A more supernaturalistic explanation is that Midjourney (I assume) is a portal and that latent space represents a real Universe or “dimension” of some kind. It would be hard to reconcile this idea with a deterministic system if the neural net is seen as a kind of aerial for picking up signals from such a world. Nonetheless such beliefs do exist, as a ouija board is actually a very simple and easily described physical system which nevertheless is taken as picking up signals from the beyond. If this is so, the board and planchette might be analogous to the neural net and the movement of the hands on the planchette, which is presumably very sensitive to the neuromuscular processes going on in the arms and nervous systems of the human participants, to the human artists, the prompt, the computer programmers and the like, and it’s these which are haunted, in a very roundabout way. I’m not in any way committing myself to this explanation. It’s more an attempt to describe how the situation might be compared to a method of divination.

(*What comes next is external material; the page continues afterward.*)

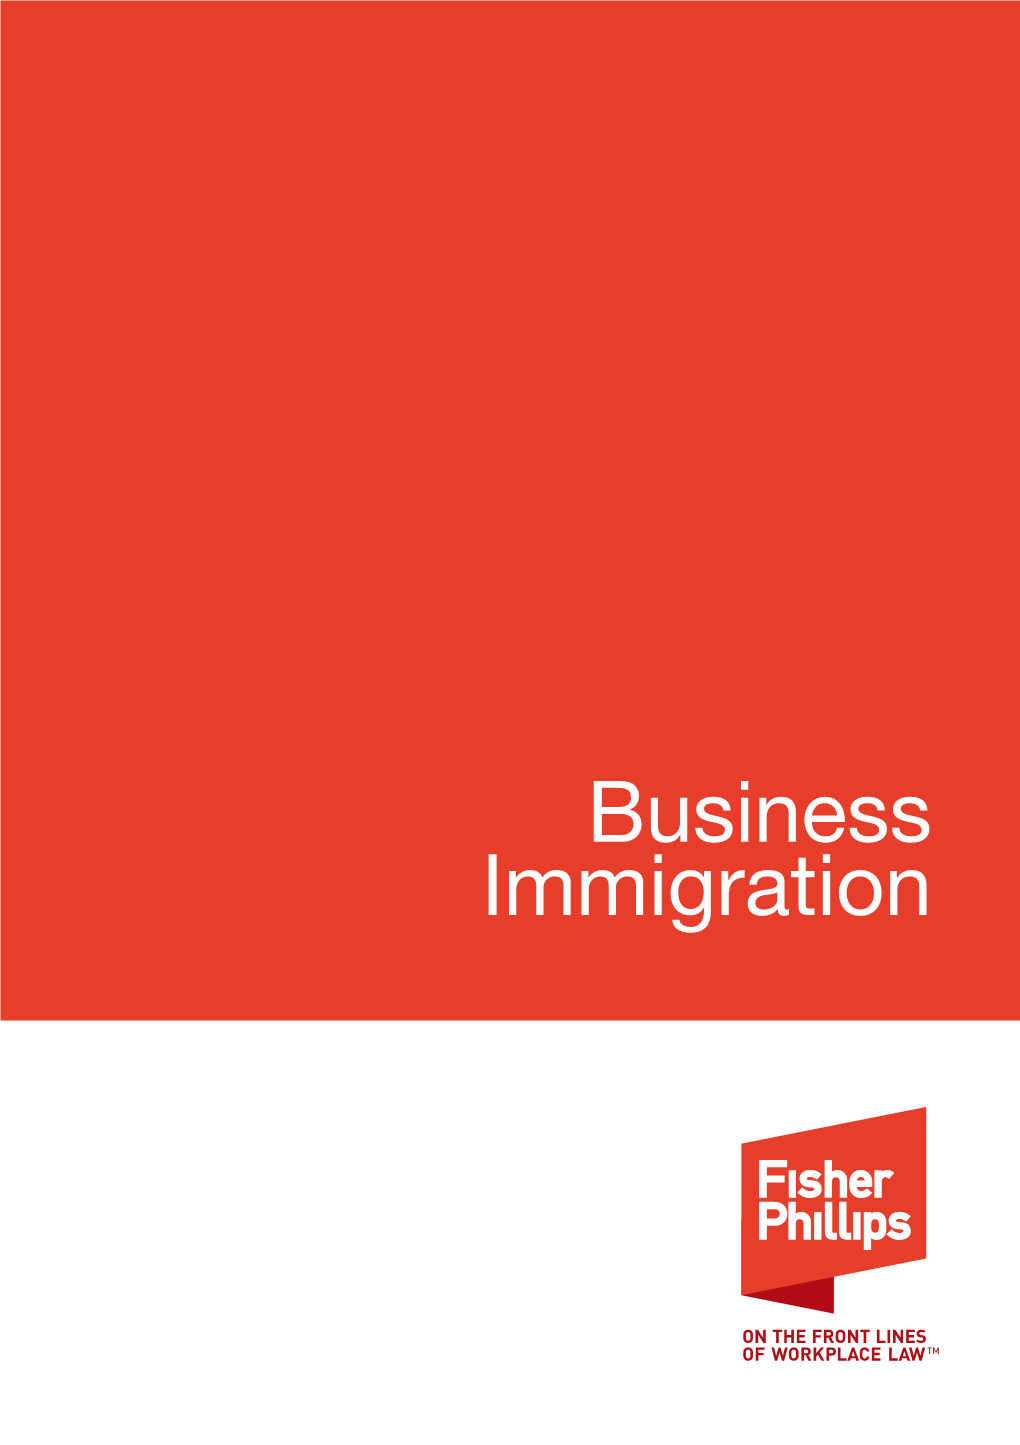 Business Immigration BUSINESS IMMIGRATION
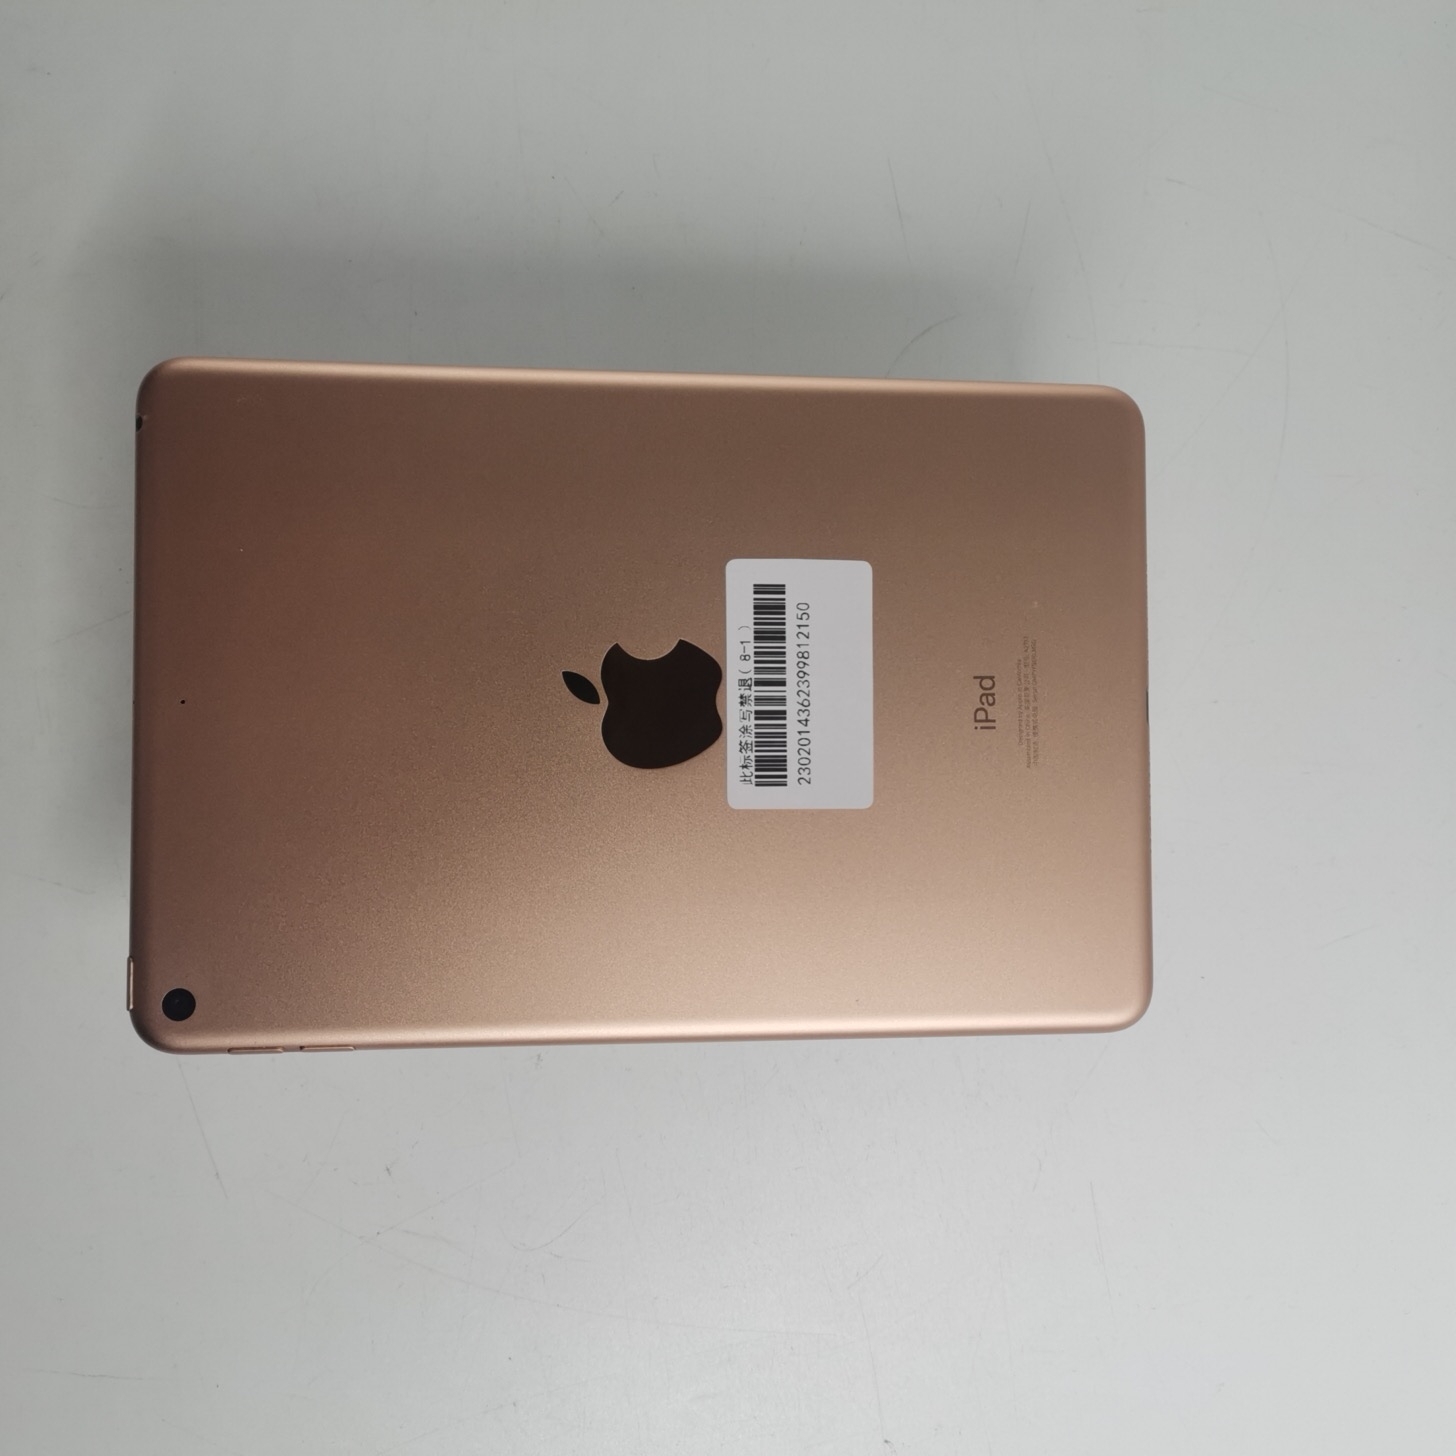 苹果【iPad mini 5】WIFI版 金色 256G 国行 9成新

I’ve mentioned the fact there are artists involved a few times, and this brings up another probably unrelated concern. Artists and photographers, and where similar AIs have been applied to other creative genres the likes of poets, authors and musicians, have had their work used to train it, and therefore it could be argued that they’re owed something for this use. At the other end, bearing in mind that most of the images in this post have been produced rapidly on a free version of this kind of software and that progress is also extremely fast, there are also images coming out the other end which could replace what artists are currently doing. This is an example of automation destroying jobs in the creative industries, although at the same time the invention of photography was probably thought of in a similar way and reports of the death of the artist were rather exaggerated. Instead it led to fine art moving in a different direction, such as towards cubism, surrealism, impressionism and expressionism. Where could human art go stimulated by this kind of adversity? Or, would art become a mere hobby for humans?